In cases where the interface isn't consistent, there's usually a fix that will make the function easier to work with from a user perspective. For instance, if a function only accepts one chain, then calling it on an array of multiple chains should return a vector with the results of applying it to each individual chain. (We can, of course, keep the original function for users who want to only call it on a single chain.) The goal should be to provide a polished, ArviZ-like interface that "Just works," and lets the user pass a single object to each function, rather than having to figure out how they need to permute, cut up, or use eachslice on their arrays to get the diagnostic they're looking for. This has already been done for a handful of functions, but not all of them.

devmotion commented 3 years ago

In my opinion, we should not "unify" functions that operate on single chains by moving them to an interface that works on 3d arrays of multiple chains with multiple parameters. It just makes it more complicated for downstream packages that use a different layout to use these diagnostics (e.g. vectors of chains of possibly different length, chains based on StructArrays etc. - in particular the StructArray approach is a longstanding issue/idea that we want to explore as an alternative to MCMCChains.Chains) and I don't see any immediate advantages even for the 3d case - you can always apply the function on the different slices of the array and e.g. even in this case sometimes you might want to pool different chains.
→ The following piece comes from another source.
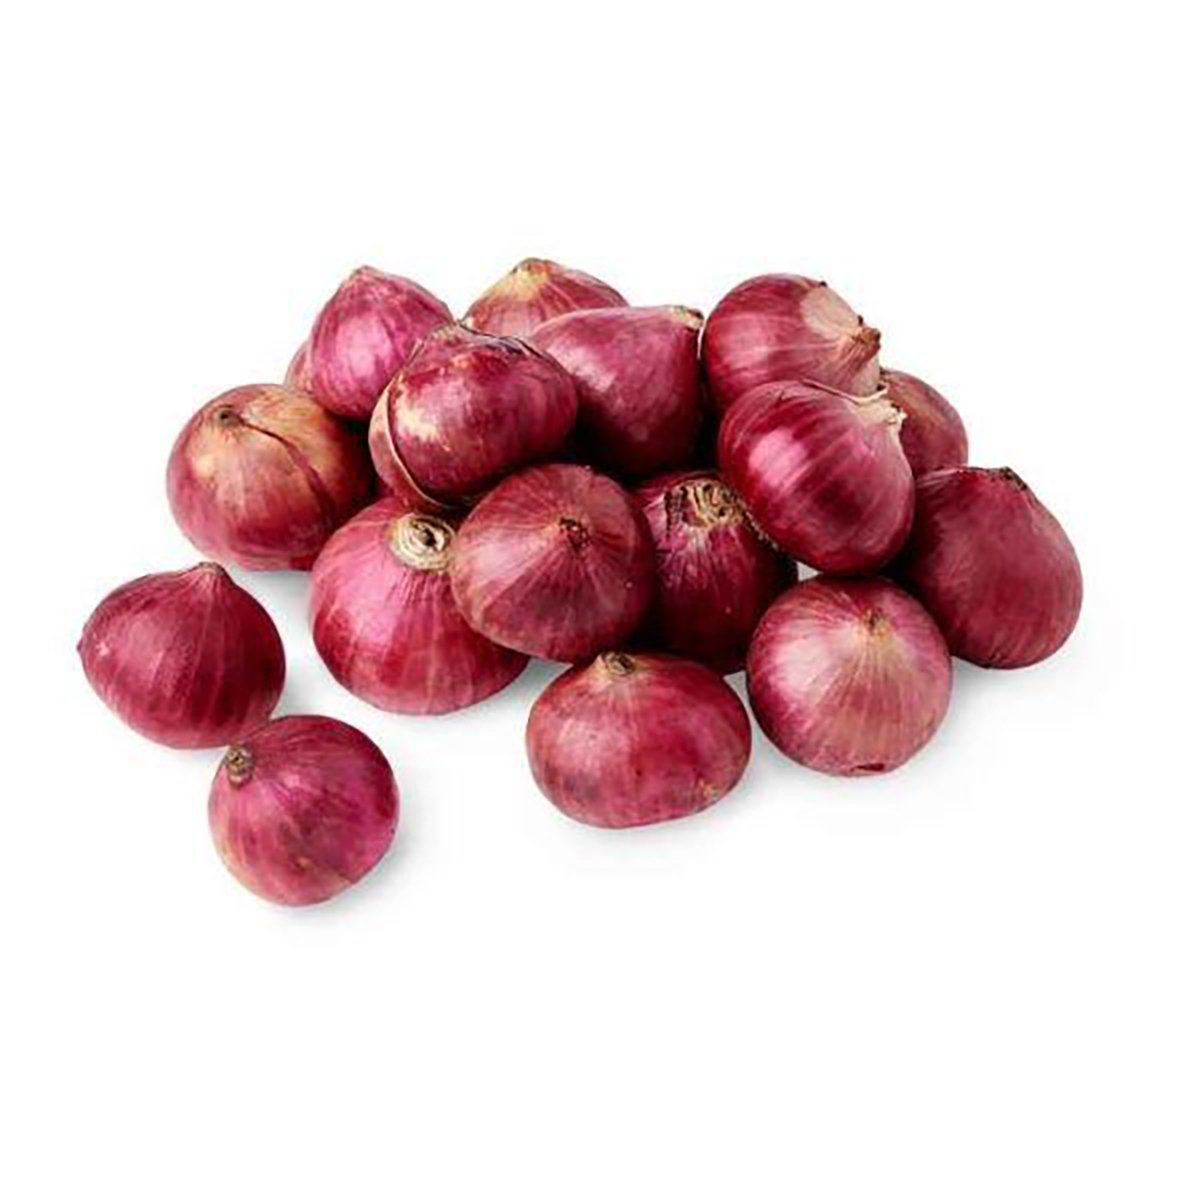 Onion Red Rose Shallot 500g Approx Weight

In general, I think any changes of the input layouts or dimensions should be left for a 0.2 or even more distant release but not included in the initial 0.1 version since otherwise it will just be more difficult to replace the diagnostics in MCMCChains with this package and the transition will be less clean (it would require many additional changes in https://github.com/TuringLang/MCMCChains.jl/pull/310). So unfortunately currently I would not approve any such PR that changes the input layout of any diagnostics but I think we should consider if we want to change the default permutation of 3d arrays at a later stage.

ParadaCarleton commented 3 years ago

Sure, we can handle this later if you want.

As for the other thing, I'm not suggesting that we replace the existing methods or get rid of them, just that we provide additional methods that handle everything for users who use the "default" arrangement, which I expect would be a three-dimensional array. Not every method needs to have more complicated, but every method should accept a 3d array as input (assuming it makes any kind of sense for it to accept that array). If someone wants to work with a matrix and a vector of chain indices, they can use the methods we already have without being bothered by the fact that we have another one that works on arrays. On the other hand, users who already have their data stored in an array shouldn't have to spend even more time cleaning their data than they already do. Figuring out how to e.g. disassemble an array and convert it into a matrix representation with a bunch of chain indices is going to be a pretty big waste of time for users; why not just have it work out of the box for them?